Written by 14:34 uncategorized

Kârlar arttı, ücretler yerinde sayıyor

İki yıldan fazla bir süredir krizin bütün yükünü omuzlayan işçi ve emekçilerin giderek sabırları tükeniyor. Stern dergisi tarafından yapılan bir kamuoyu yoklamasında işçilerin yüzde 81’inin, “Ekonomik gidişat ücretlerin yükselmesini gerektiriyor” görüşünde oldukları ortaya çıktı.
Ücretlerin artmasından yana olanların yüzde 53’ünün, ücretlerin rahatlıkla yüzde 4 kadar yükselebileceğini savundukları bildirilen haberde, yüzde 25’inin yüzde 5, yüzde 15’inin de yüzde 7 civarında ücret artışından yana oldukları yer aldı.

TEKELLER KÂR REKORLARI KIRIYOR
İşçiler “yeter artık” diyerek daha fazla ücret zammı istemekte yerden göğe kadar haklılar. Nitekim kriz nedeniyle milyonlarca işçinin ücretleri yüzde 35 ila 50 arası gerilerken bir avuç sermayedarın kârları adeta patlıyor. Otomobil sektöründe 2009 yılının ikinci çeyreğinden bu yana üretim ve satış rekorları kıran tekeller bu yıl da kâr rekorları kırıyorlar.
Kâr rekoru kıran sadece otomobil tekelleri değil. Makine sanayisi, kimya endüstrisi gibi ihracat ağırlık tekellerin birçoğunda kârlar katlanarak artıyor. Daimler tekeli bu yıl içinde üç kez kâr tahminini yukarıya doğru düzeltmek zorunda kaldı. Yılsonuna kadar 7 milyar Euro kâr yapmayı hedefleyen tekel yönetimi buna rağmen işçilerin ücretlerini artırmaya veya özel ikramiye ödemeye ise yanaşmıyor.

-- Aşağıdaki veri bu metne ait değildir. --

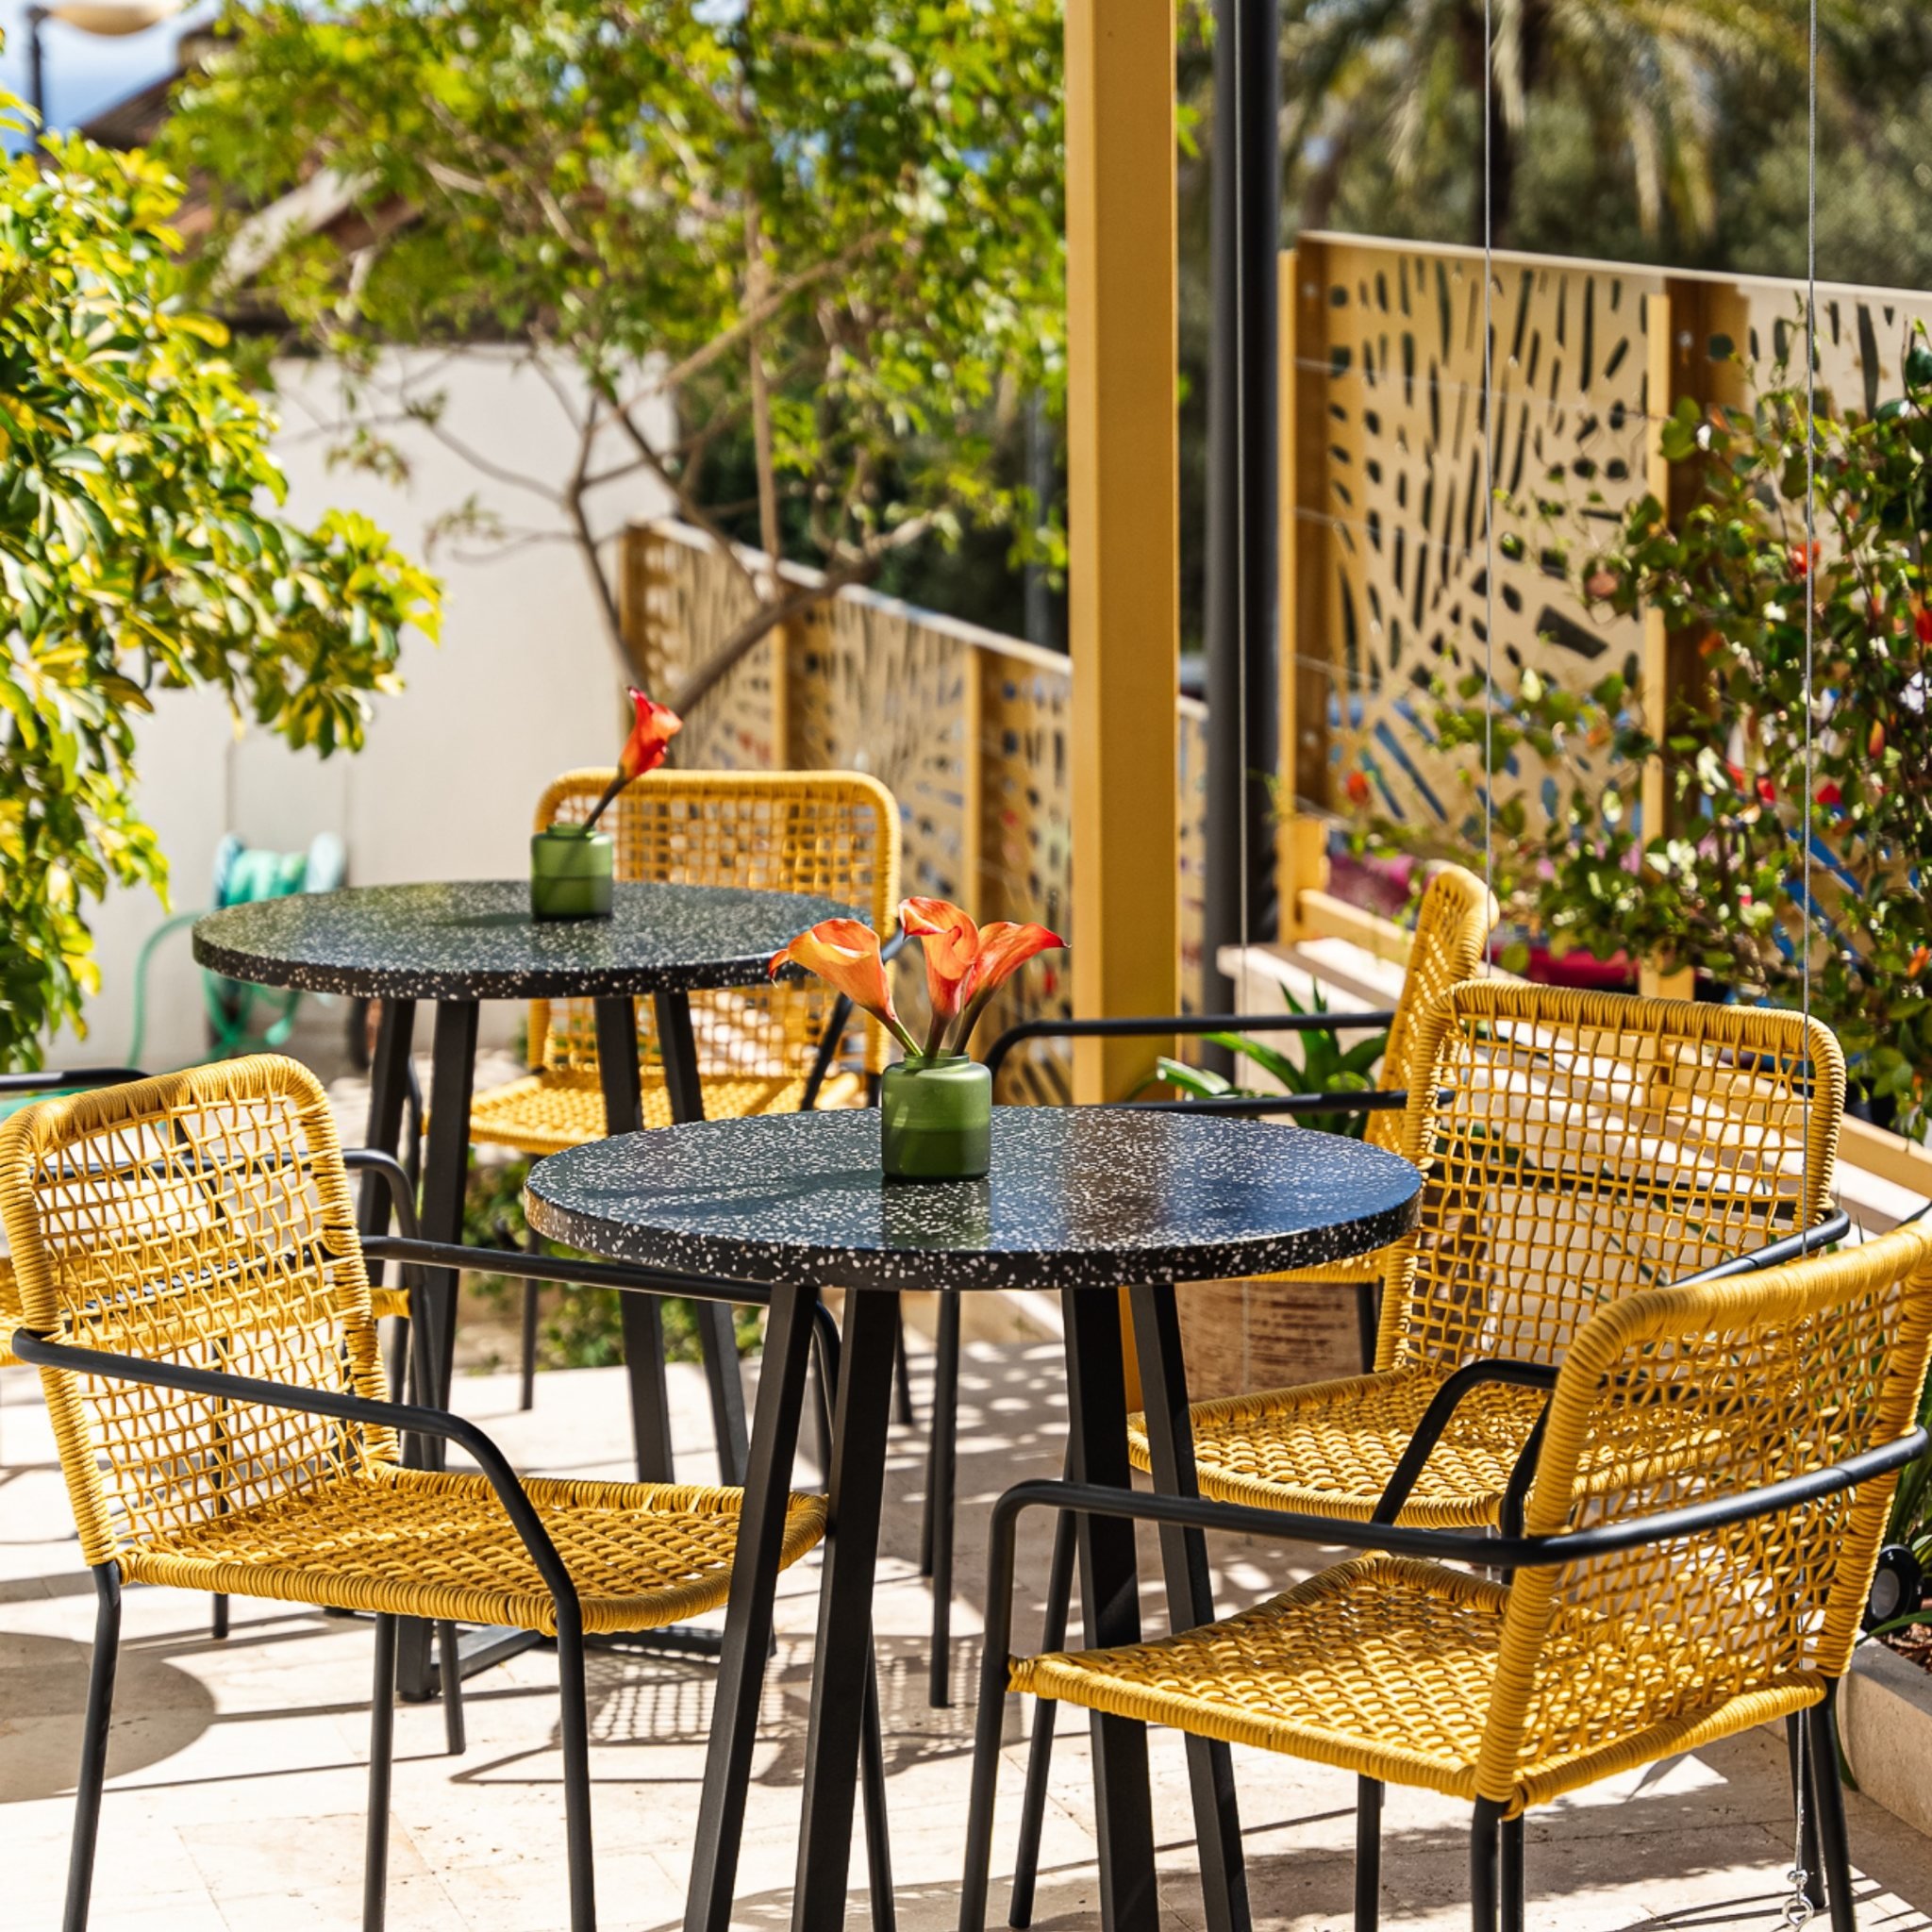 Soak in the gentle mountain breeze on our sunlit terrace, surrounded by the serene beauty of our Mediterranean garden. Savor the afternoon with our gourmet, artisanal treats, crafted sustainably for the ultimate indulgence. #GourmetCafe #ArtisanDelig
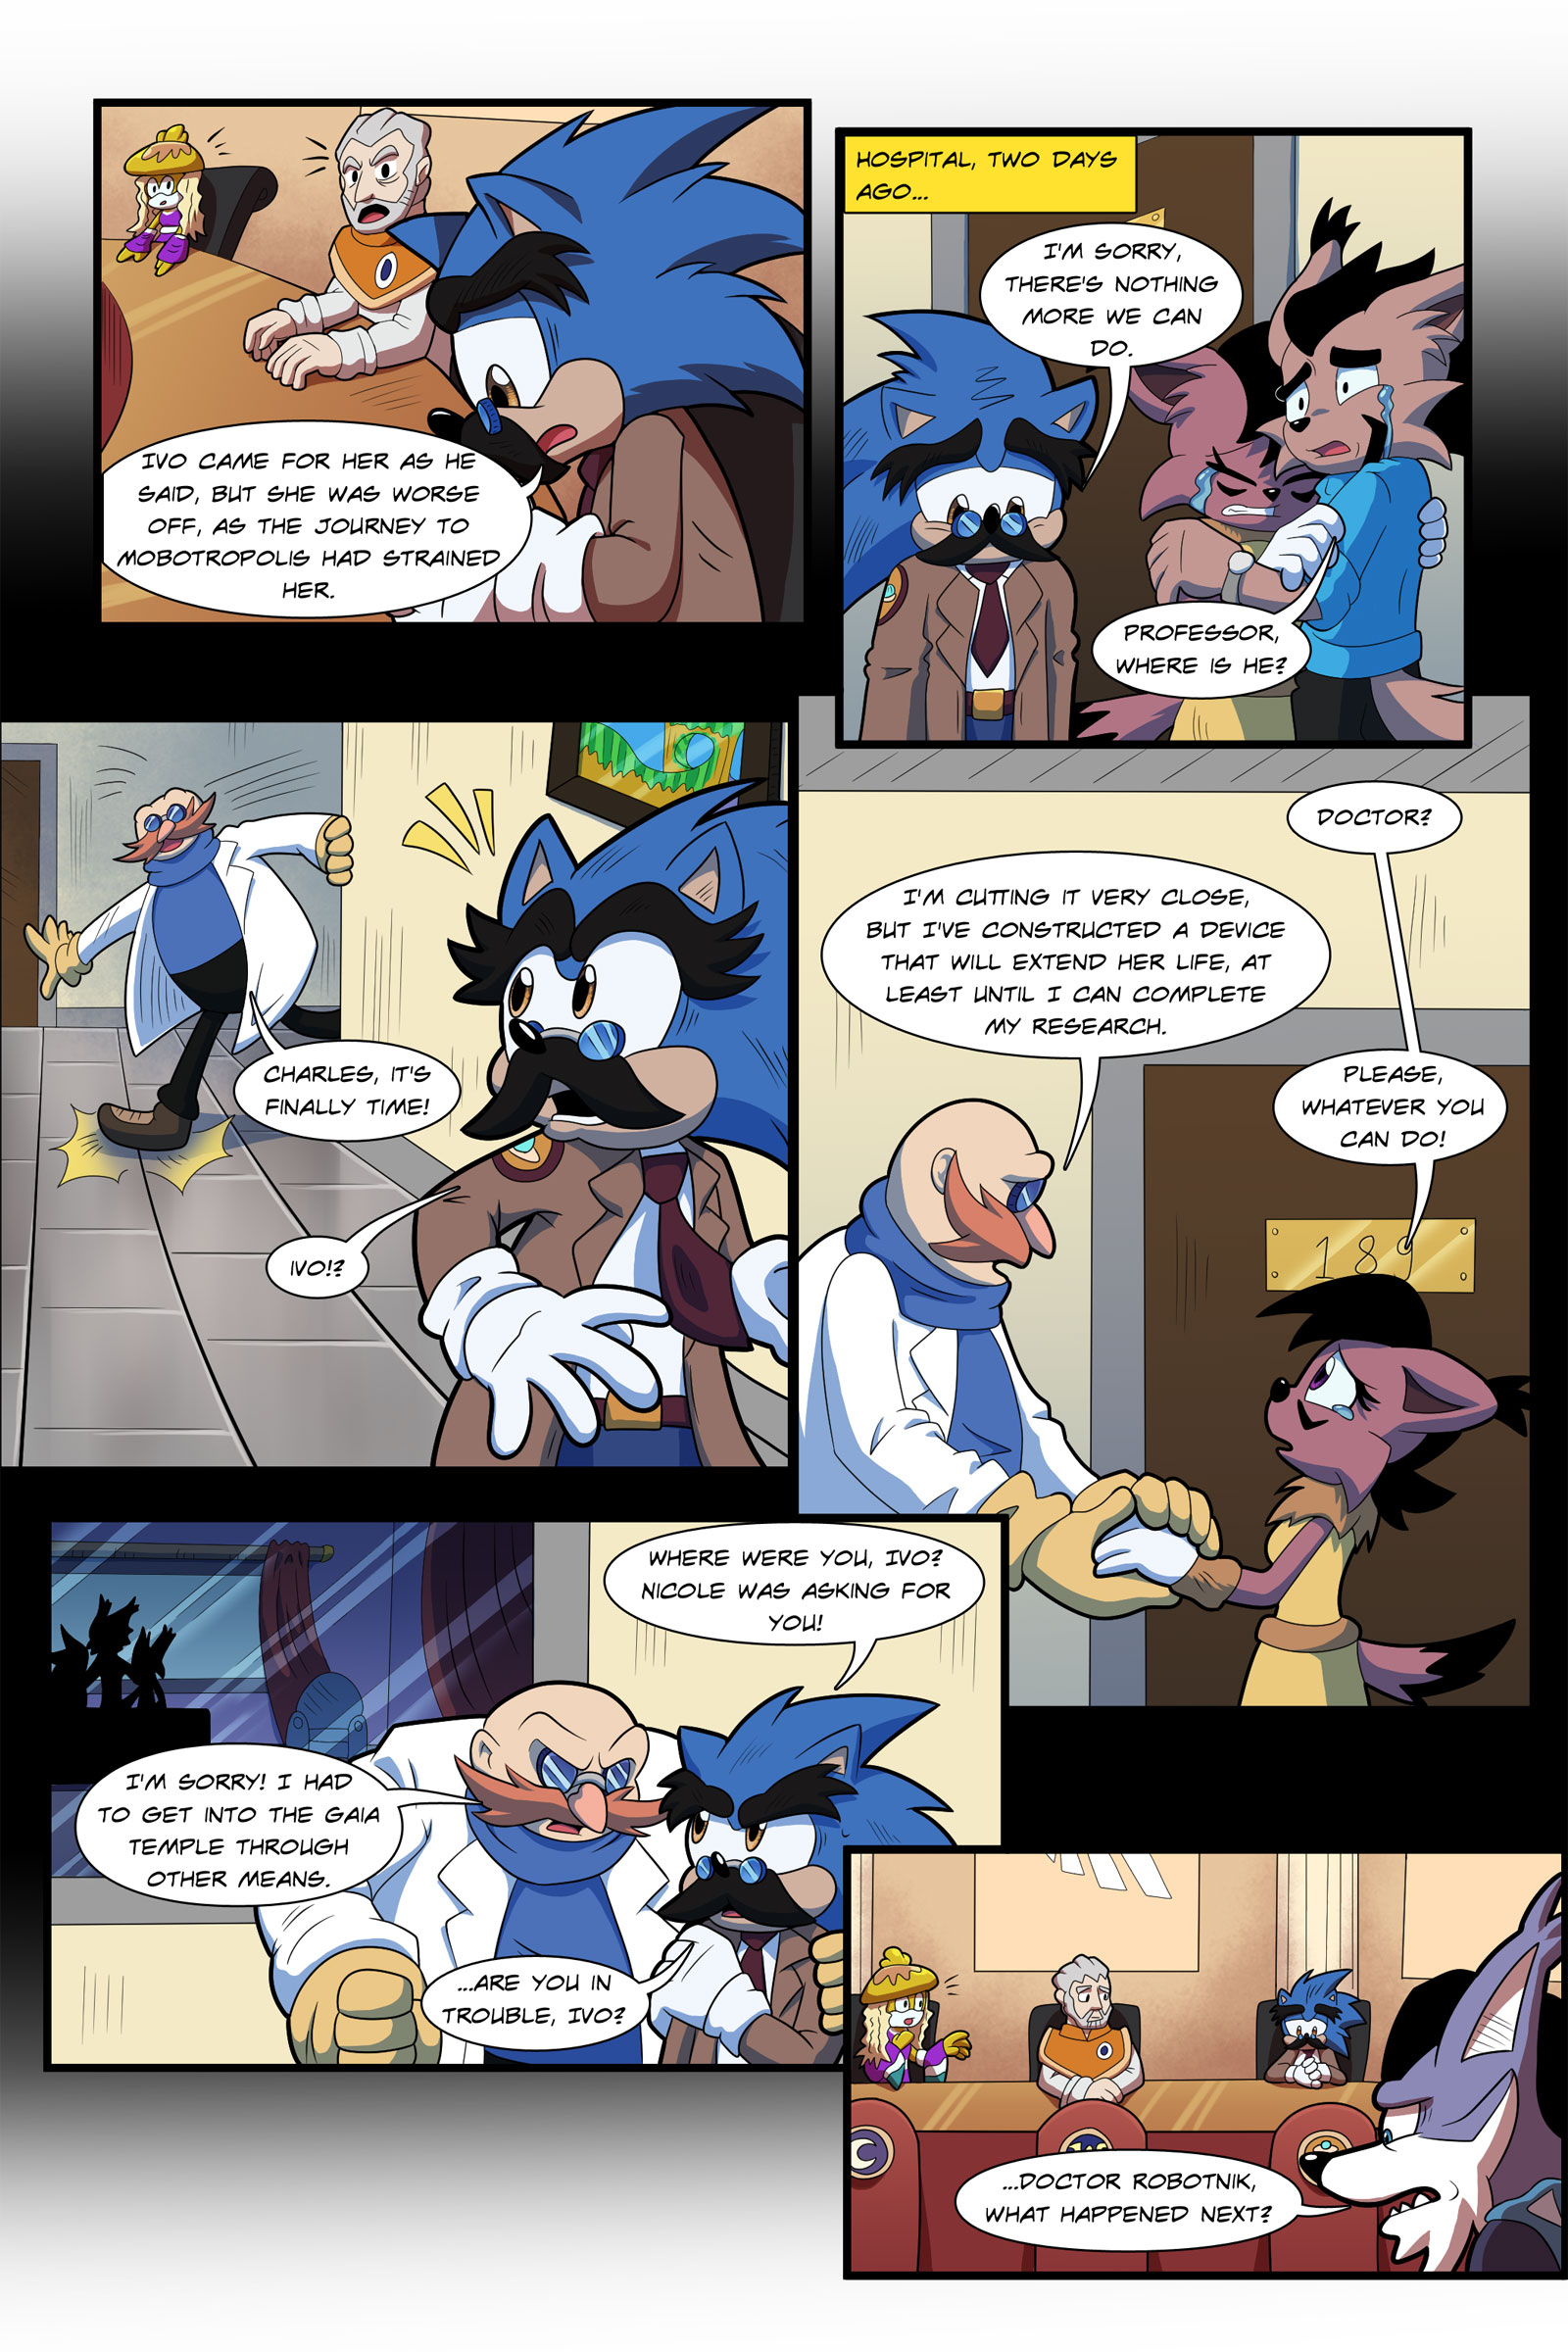 Mobius Legacy Comics Archives Sonic Legacy

“İŞÇİLERE DOLGUN ÜCRET ARTIŞI”
Bu arada hükümet politikacılarından Ekonomi Bakanı Rainer Brüderle (FDP), Çalışma Bakanı Ursula von der Leyen (CDU), Bavyera Başbakanı Horst Seehofer (CSU), ‘işçilere dolgun ücret artışı verilmeli’ açıklamaları yaptılar.
Şüphesiz krizin yükünü işçi ve emekçilerin sırtına yıkmak için hazırlanan 80 milyarlık tasarruf paketinin mimarları ve işsizlerle adeta alay edercesine Hartz IV’ü 5 Euro artıranlar insafa gelmediler. Alımgücünün yükseltilmesi yoluyla iç piyasanın canlandırılması fikrinden de uzak olan hükümet politikacıların bu tür çağrılarla tek amacı işçi ve emekçileri mücadelen alıkoymaktır.
İşsizliğin 3 milyonun altına düştüğünü ileri sürüp ardından, “şimdi sıra ücretlerin artırılmasında ve tam istihdamın sağlanmasında” sözleri, haftalardır yüzlerce işyerinde yapılan işyeri toplantılarına, miting ve gösterilere katılanlara yönelik olduğu gibi önümüzdeki dönem yapılacak gösterilere katılmaya hazırlananlara yönelik söyleniyor. Tekellerin emrindeki bu baylar ve bayanlar, “gösterilere gerek yok, işsizlik sorunu çözüldüğü gibi ücret sorunu da çözülebilir” demeye getiriyorlar.
Ayrıca bu politikacıların “dolgun ücret artışından” ne anladıkları da ortada: Hükümet için hazırlanan “Sonbahar Raporu”nda ‘nominal ücretlerin yüzde 2 dolayında artırılmasının ekonomik açından sorun yaratmayacağı’ yer alıyordu. Ekim ayı enflasyon oranı göz önüne alındığında yüzde 2 nominal ücret artışı gerçekte 0,7’lik brüt ücret artışı anlamına geliyor. Tabi bu miktardan sosyal sigorta kesintileri ve vergiler düşüldüğünde sonuç olarak yüzde 0,3-0,4 dolayında bir ‘artış’ söz konusu. Tasarruf paketi, sağlık reformu vs. vb. planlar göz önüne alındığında ise işçi ve emekçilerin cebine bir şeylerin girmesi bir yana eksilecek olması daha muhtemel görünüyor!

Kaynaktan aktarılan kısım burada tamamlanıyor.